*DATA BLOCK:*

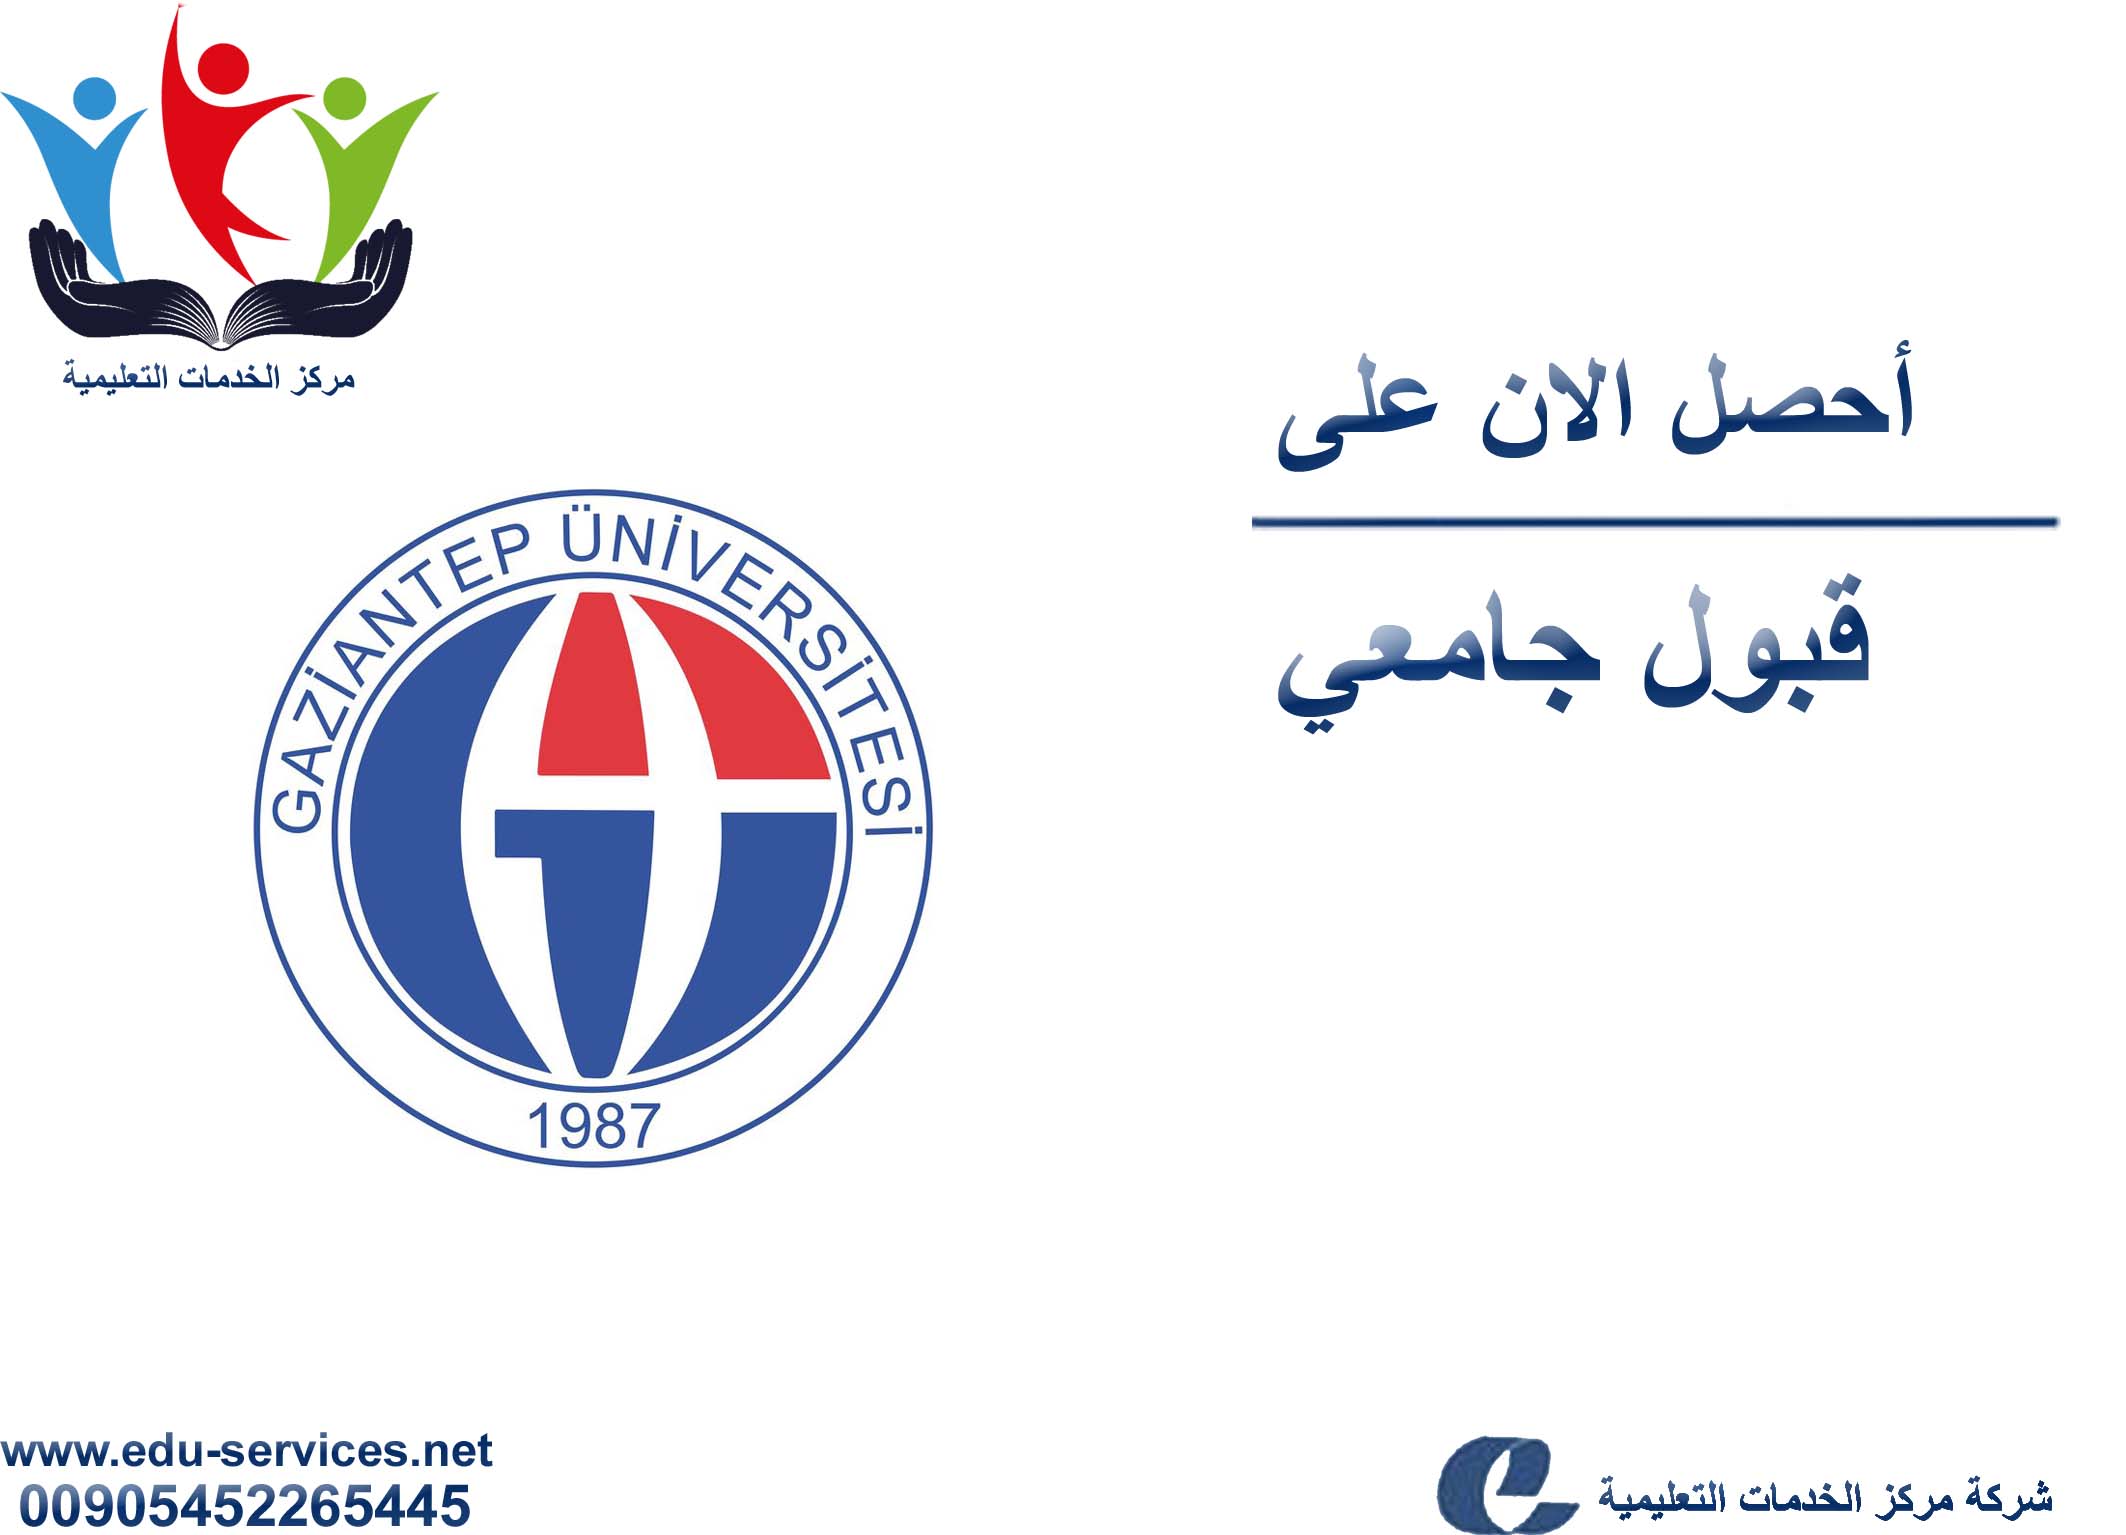 افتتاح التسجيل في جامعة غازي عنتاب للعام 2018-2019
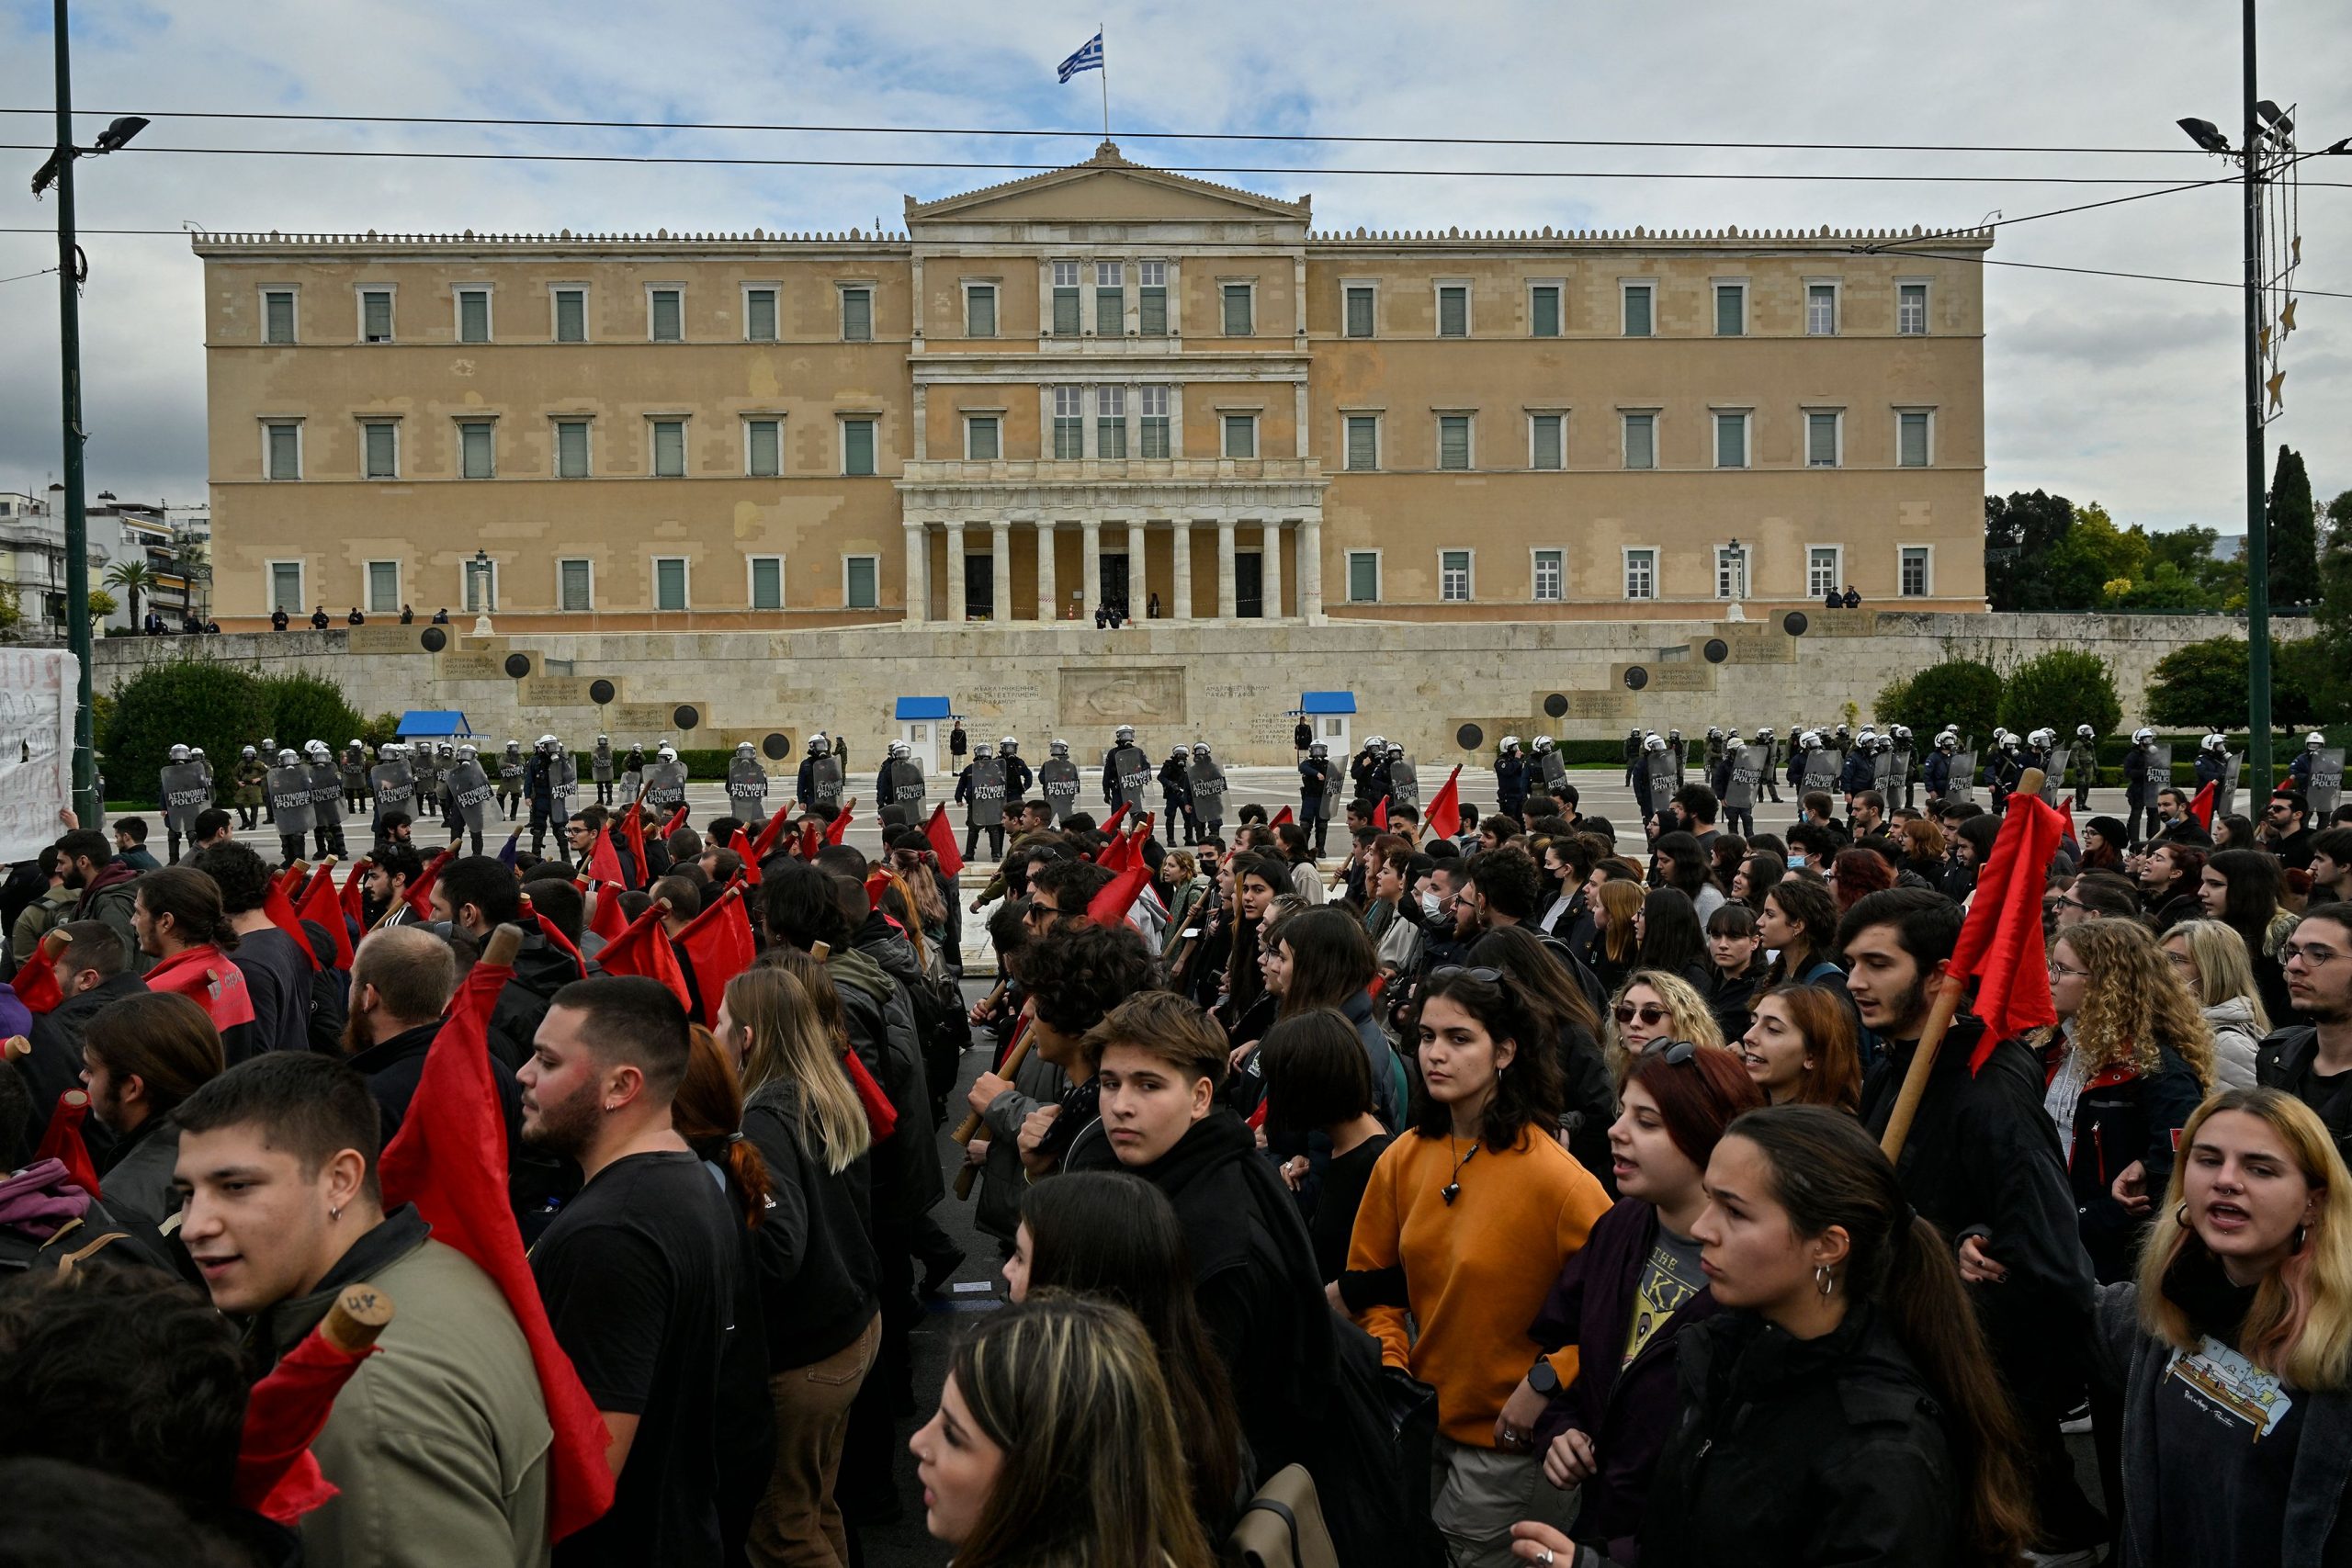 希腊16岁少年遭枪击头部 警察暴力事件再犯众怒
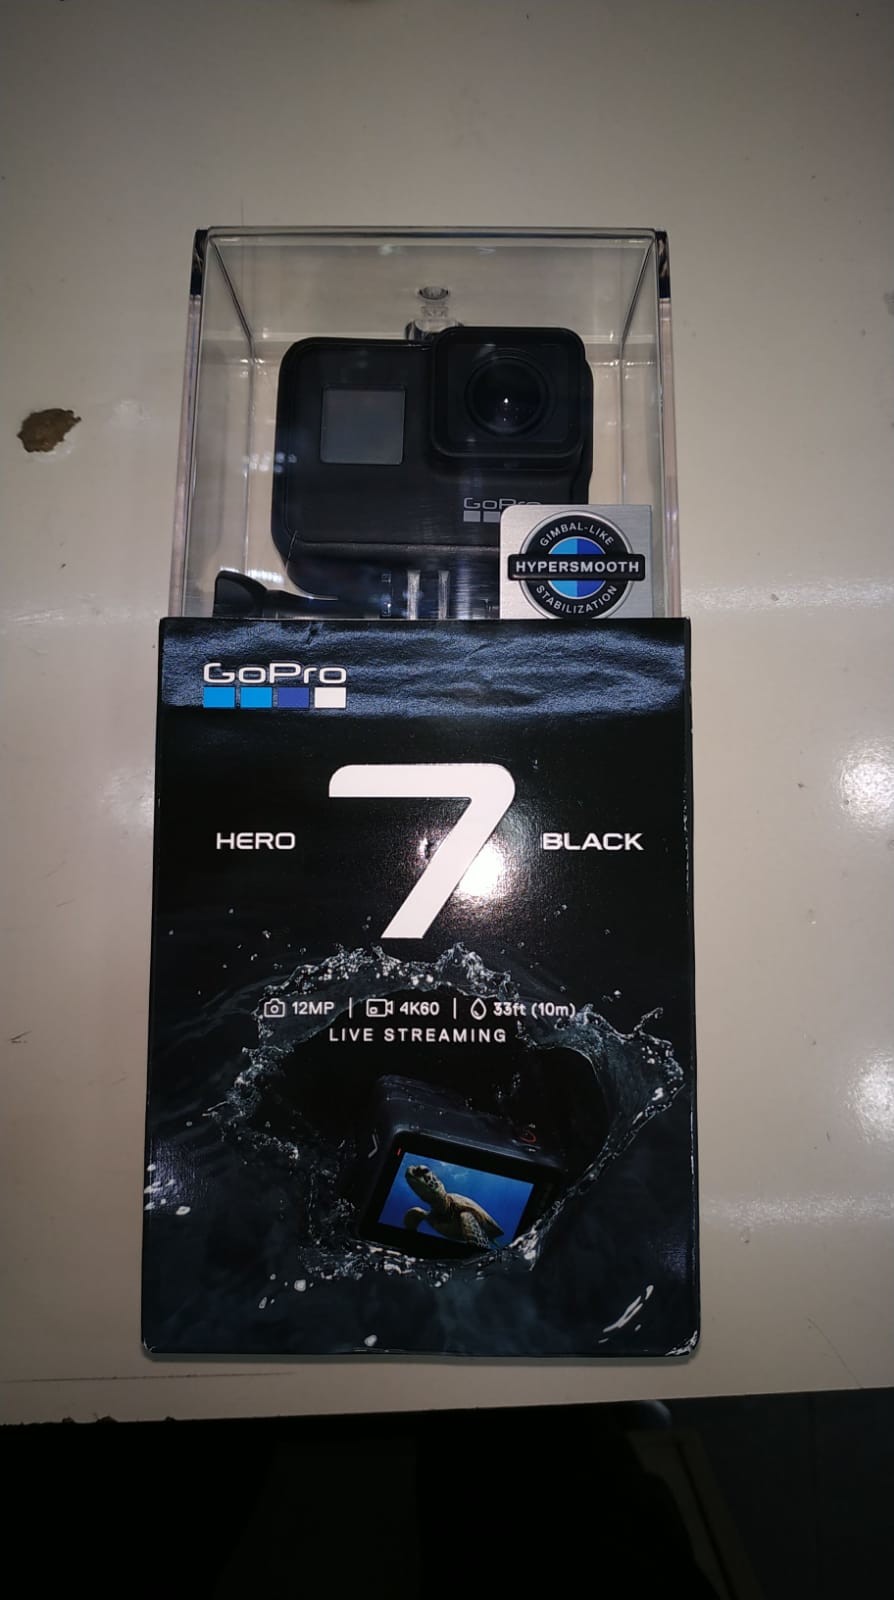 FIRSAT Sıfır GoPro Hero7 Black Aksiyon Kamera

*ASSIGNMENT:*
Where a picture appears in the data, omit it; restate the rest word for word.

*EXERCISE OUTPUT:*
 افتتاح التسجيل في جامعة غازي عنتاب للعام 2018-2019
 希腊16岁少年遭枪击头部 警察暴力事件再犯众怒
 FIRSAT Sıfır GoPro Hero7 Black Aksiyon Kamera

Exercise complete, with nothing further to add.